Ingram found that HouseSigma was best when examined from an absolute value perspective, “or a sort of ‘closest to the pin,’ if you will.’”
He points to the limitations of HouseSigma, however. “I've already pointed out that it's low 85% of the time,” writes Ingram. “I should point out that it's only for Ontario properties (Zolo and Zoocasa both claim to be national in scope).”
Ingram tells STOREYS that he actually likes HouseSigma and has it on his phone. “It's way easier to look stuff up remotely there than trying to log into TRREB's clunky and mobile-unfriendly MLS,” says Ingram. “And it had the listing's history way before TRREB got around to adding an ‘address history’ button on listings, so I used to use it for that too.
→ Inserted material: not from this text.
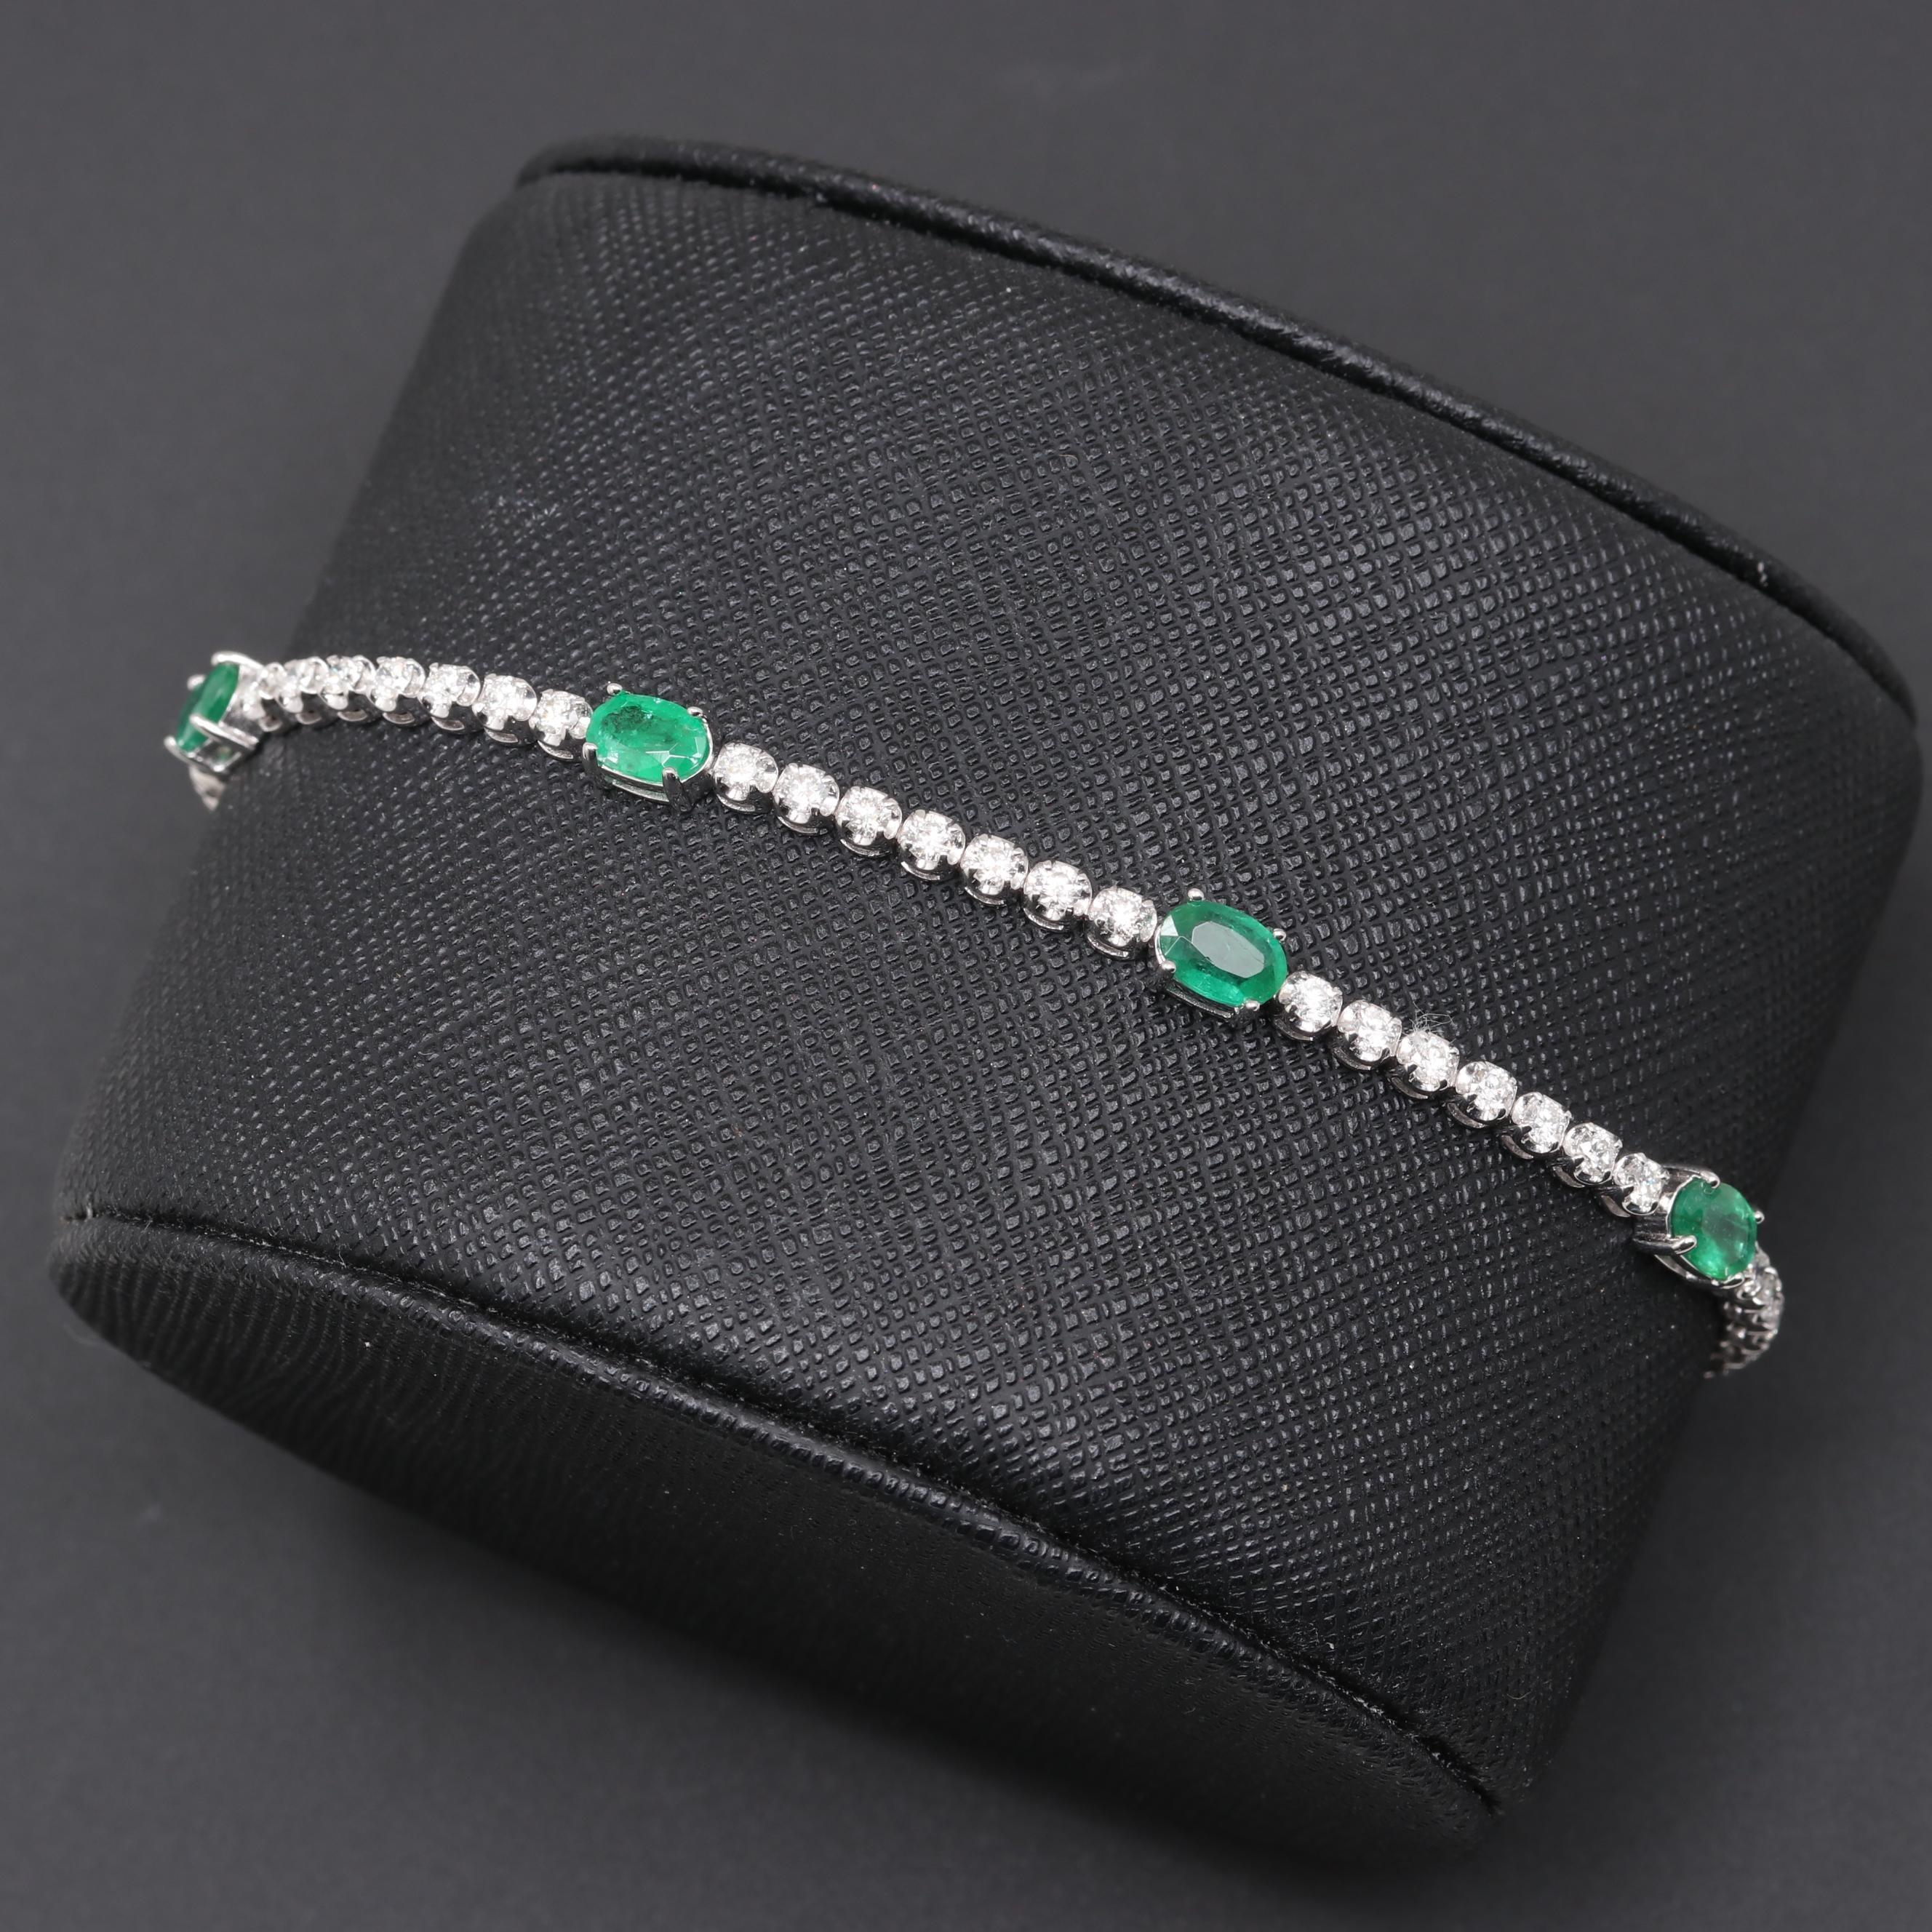 18K White Gold Emerald and 1.65 CTW Diamond Bracelet

I just don't put too much stock in their estimates.”
As for Zillow, Ingram says he was a little surprised by their announcement.
“I mean, their estimates were seen as really good,” says Ingram. “Plus they were buying these properties in a rising market, in which flippers can make money (and think they're smarter than they are) even if they don't really add much value. So, you figure that should have made it harder to mess up.”
Ingram says Zillow’s failure is a good example of the value a real person or realtor can have, compared to a machine that can’t detect subtleties.
“For instance, I notice these estimates are worse at the extremes, like a total gut job, or a brand new gorgeous renovation,” says Ingram. “Take the same house before and after a flip and say it's got the same number of bedrooms and bathrooms and is in the same location (just the time has shifted). The computer is going to think of that place the same. Meanwhile the realtor human (and buyer humans) are going to immediately see those stark differences and value them different.”